Study 1 findings indicate that references to Neurological, Death, Mental Health, and Respiratory,
were some of the most predominant categories in the past two years. Compared to 2018, Death, Mental
Health, and Respiratory health effects were more prevalent in 2019. While Death, Mental Health, and
Neurological health effects were one of the most predominant categories during 2018 and 2019, the topic
of respiratory health effects emerged as part of the top five categories in 2019. Future campaigns can
enhance awareness of adverse outcomes related to the predominant categories of health effects: Death,
Mental Health, and Neurological. Future health communication campaigns can enhance awareness of
adverse outcomes related to the predominant categories of health effects: Death, Mental Health, and
Neurological. This study may also inform specific categories of health effects that may be addressed in a
patient-provider setting. Categories of health effects such as Cancer, Cardiovascular diseases that were
not as predominant may also warrant adequate consideration, while discussing the potential long-term
health risks of vaping. Findings from Study 1 also offer insights on commonly discussed and/or
experienced health effects of e-cigarettes that may be addressed in the PMTA applications.
Study 2 findings highlight that the majority of posts were classified as Pro-Stance toward E-
Cigarettes followed by Anti-Stance, and Neutral-Stance. Neurological was commonly associated with a
Pro-Stance followed Mental Health, and Respiratory. Contrary to the hypothesis, Pain was significantly
less likely to be pro-e-cigarette compared Mental Health Effects. This study describes the varying
positions toward e-cigarette use as they relate to perceived health effects from use. While some e-cigarette
users discuss a health issue in a negative frame towards e-cigarettes, these attitudes were not universal.

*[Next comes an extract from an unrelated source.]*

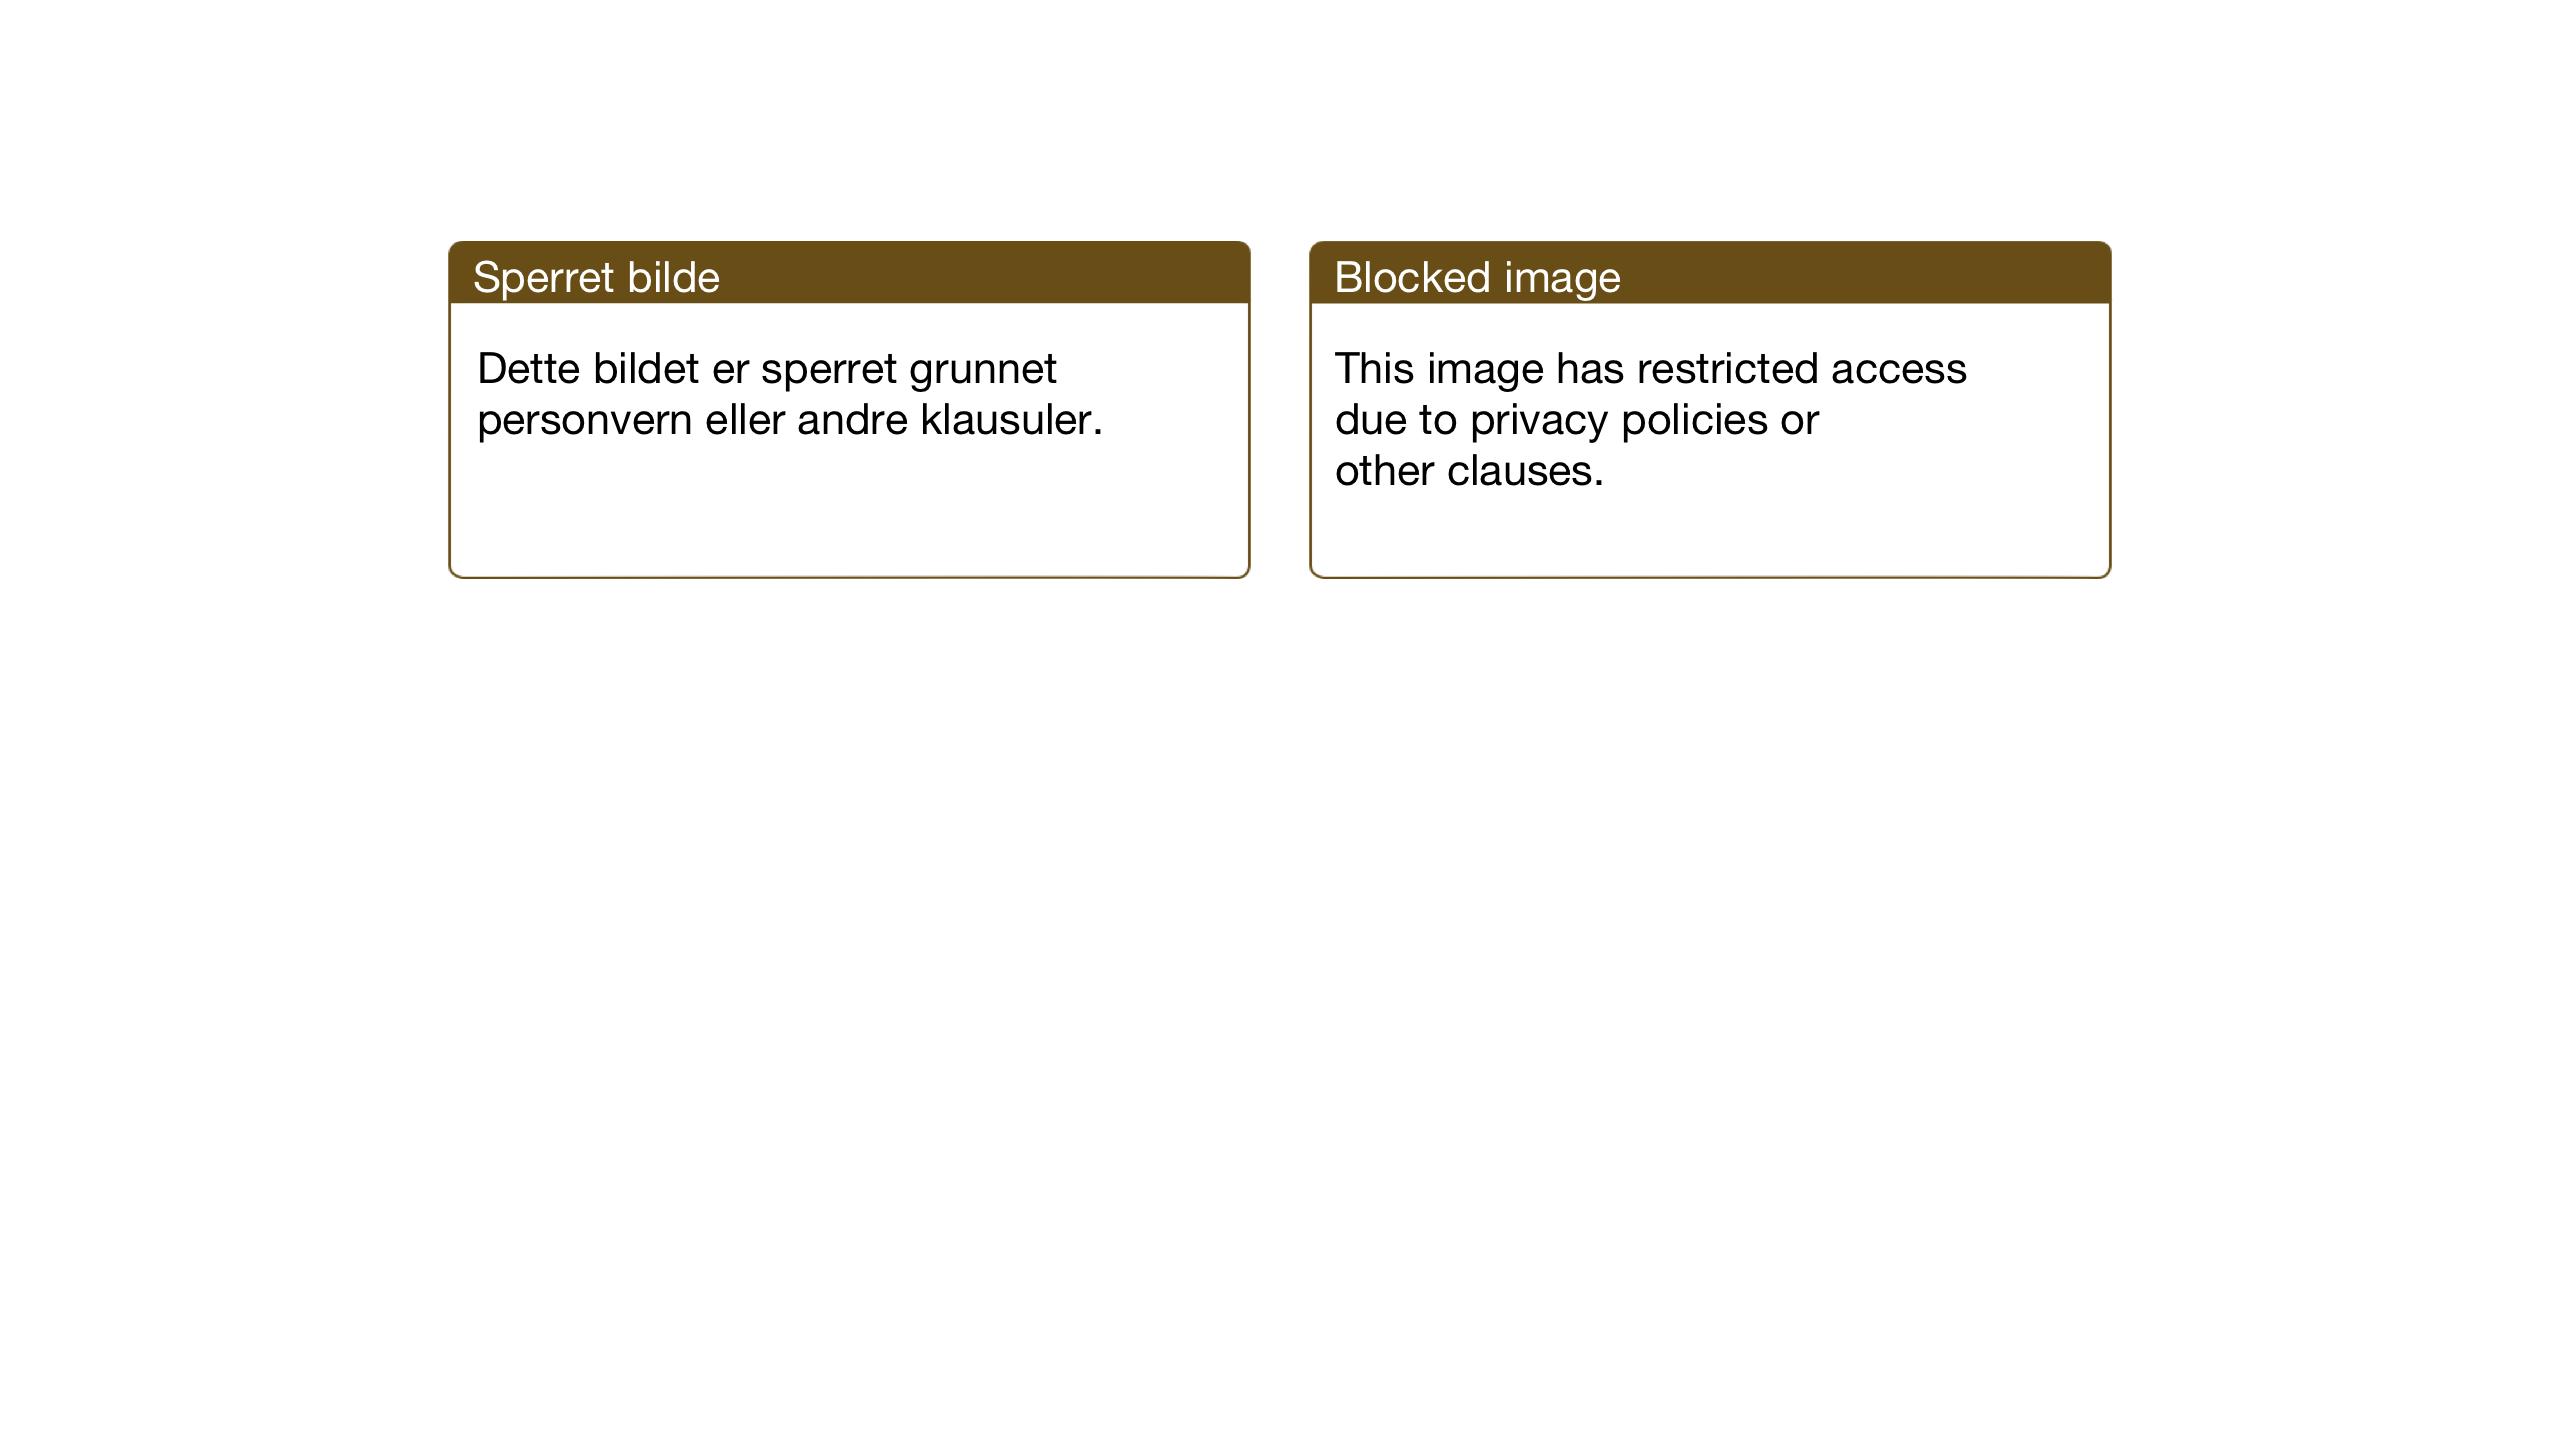 SAT, Ministerialprotokoller, klokkerbøker og fødselsregistre - Sør-Trøndelag, 655/L0690: Klokkerbok nr. 655C06, 1937-1950, s. 85
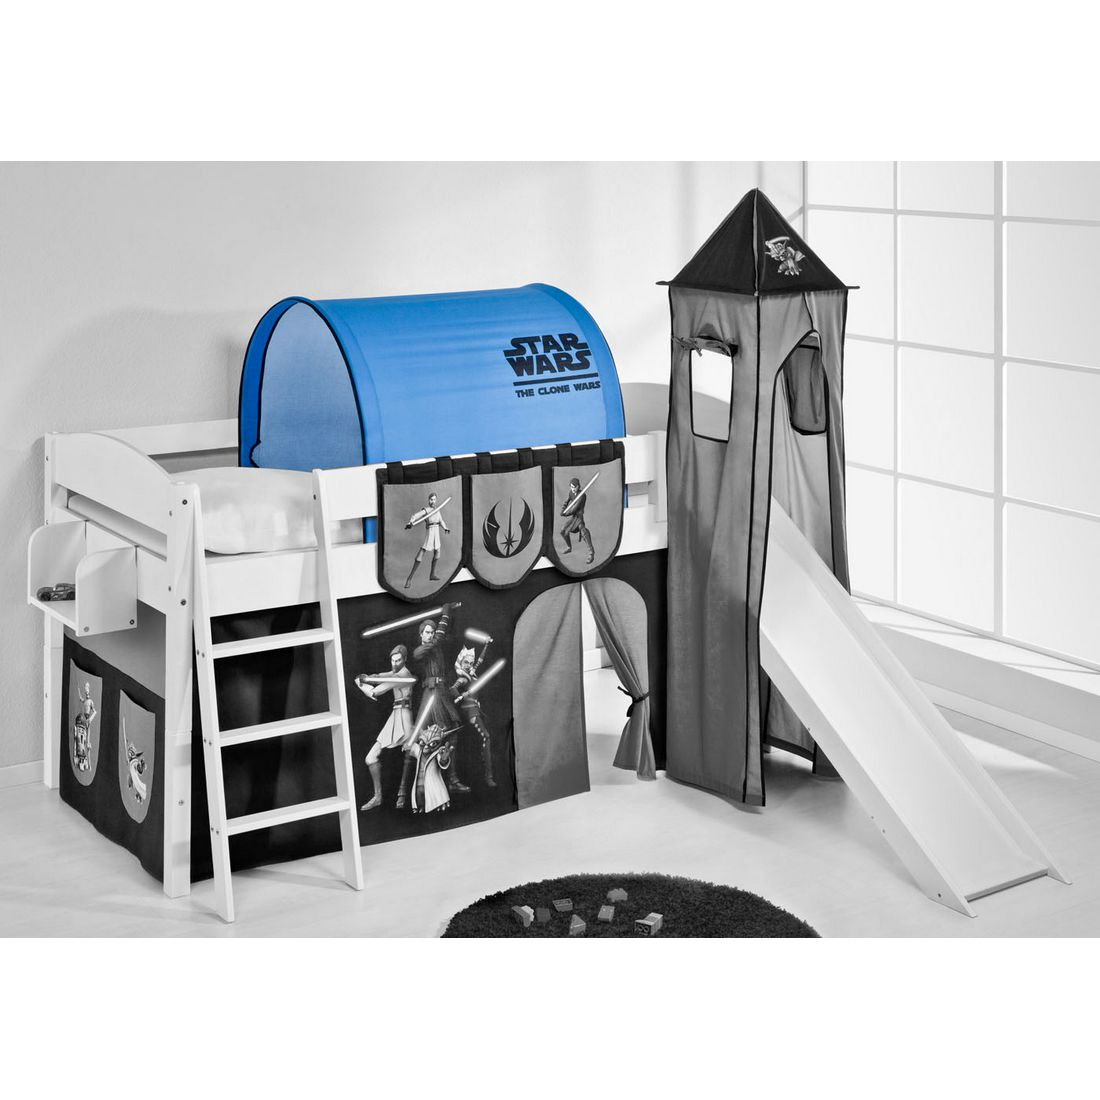 tunnel f r hochbett tunnel spieltunnel spielh hle f r hochbett etagenbett gelb tunnel f r. Black Bedroom Furniture Sets. Home Design Ideas

Interventions could be designed around discussions of posts to Twitter however findings may only be
57
limited to those with negative stances. Further research is needed to identify ways to communicate the
health risks of e-cigarette use.
Study 3 explored key topics of discussion at the intersection of the Triangulum. Person tagging
was the most predominant topic across all intersections. Discussions about Illicit products in the
marketplace was one of the key topics at in the intersection of e-cigarettes, combustible tobacco, and
marijuana. Enhanced regulatory enforcement efforts to regulate sales of unauthorized products are also
warranted. Blunts and Cigars was a predominant topic at the intersection of combustible tobacco and
marijuana. Future tobacco prevention interventions addressing the use of other substances with tobacco
products, can limit the progression of vulnerable populations to more addictive or harmful health
behaviors. Product features was a key topic among e-cigarette and marijuana-related conversations.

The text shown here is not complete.